Screenplay Summarization Using Latent Narrative Structure

Pinelopi Papalampidi,Frank Keller,Lea Frermann,Mirella Lapata
DOI: https://doi.org/10.48550/arXiv.2004.12727
2020-04-27
Abstract:Most general-purpose extractive summarization models are trained on news articles, which are short and present all important information upfront. As a result, such models are biased on position and often perform a smart selection of sentences from the beginning of the document. When summarizing long narratives, which have complex structure and present information piecemeal, simple position heuristics are not sufficient. In this paper, we propose to explicitly incorporate the underlying structure of narratives into general unsupervised and supervised extractive summarization models. We formalize narrative structure in terms of key narrative events (turning points) and treat it as latent in order to summarize screenplays (i.e., extract an optimal sequence of scenes). Experimental results on the CSI corpus of TV screenplays, which we augment with scene-level summarization labels, show that latent turning points correlate with important aspects of a CSI episode and improve summarization performance over general extractive algorithms leading to more complete and diverse summaries.
Computation and Language
What problem does this paper attempt to address?

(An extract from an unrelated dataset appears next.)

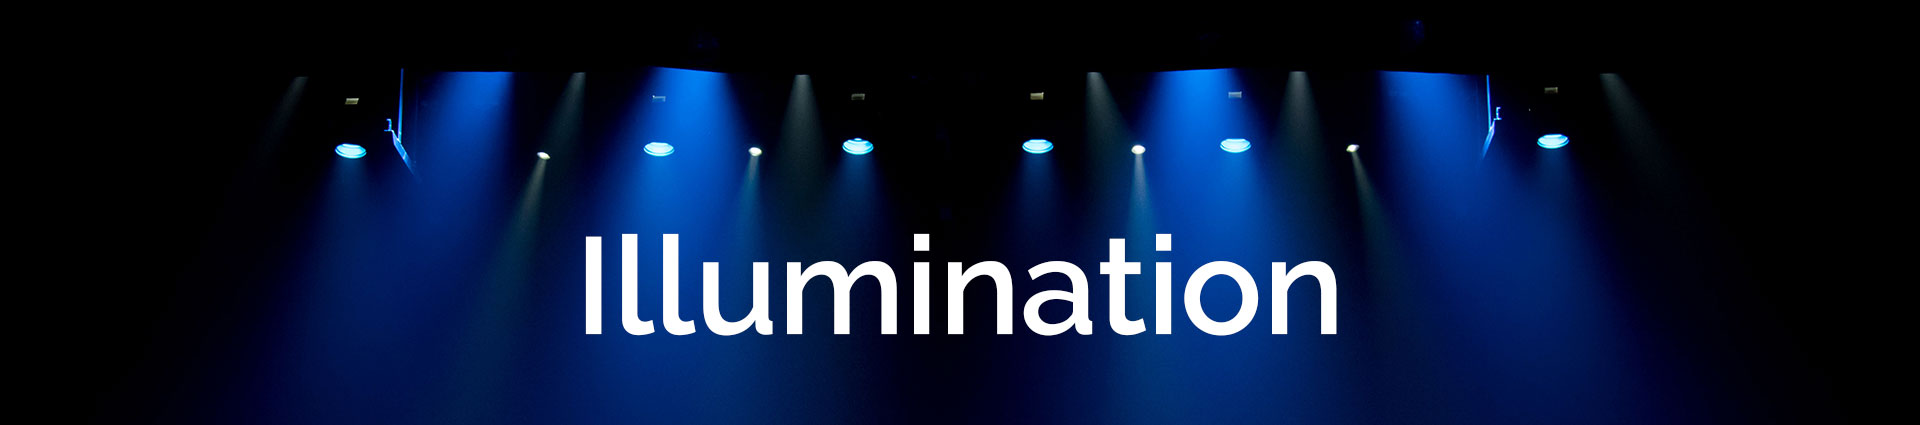 Illumination - DMCS Show Choir Invitational

The problem this paper attempts to address is that existing extractive summarization models are primarily trained on news articles, which are usually short and present all important information at the beginning. As a result, these models tend to select sentences from the beginning of the document, and this position-based heuristic approach is not suitable for long narrative texts (such as scripts) because long narrative texts have complex structures and information is presented gradually. To address this, the authors propose a method that explicitly incorporates narrative structure into general unsupervised and supervised extractive summarization models to generate more complete and diverse script summaries. Specifically, the authors address this problem in the following ways: 1. **Introducing Narrative Structure**: Formalizing the narrative structure as key narrative events (turning points) and treating them as latent variables. 2. **Improving Summarization Algorithms**: Enhancing existing extractive summarization algorithms by incorporating narrative structure to improve the quality of summaries for long narrative texts. 3. **Experimental Validation**: Conducting experiments on the CSI TV series script dataset to verify the improvement in summarization performance after incorporating narrative structure. Through these methods, the authors hope that the generated summaries can better capture the key events of the story, thereby more completely and diversely reflecting the content of the scripts.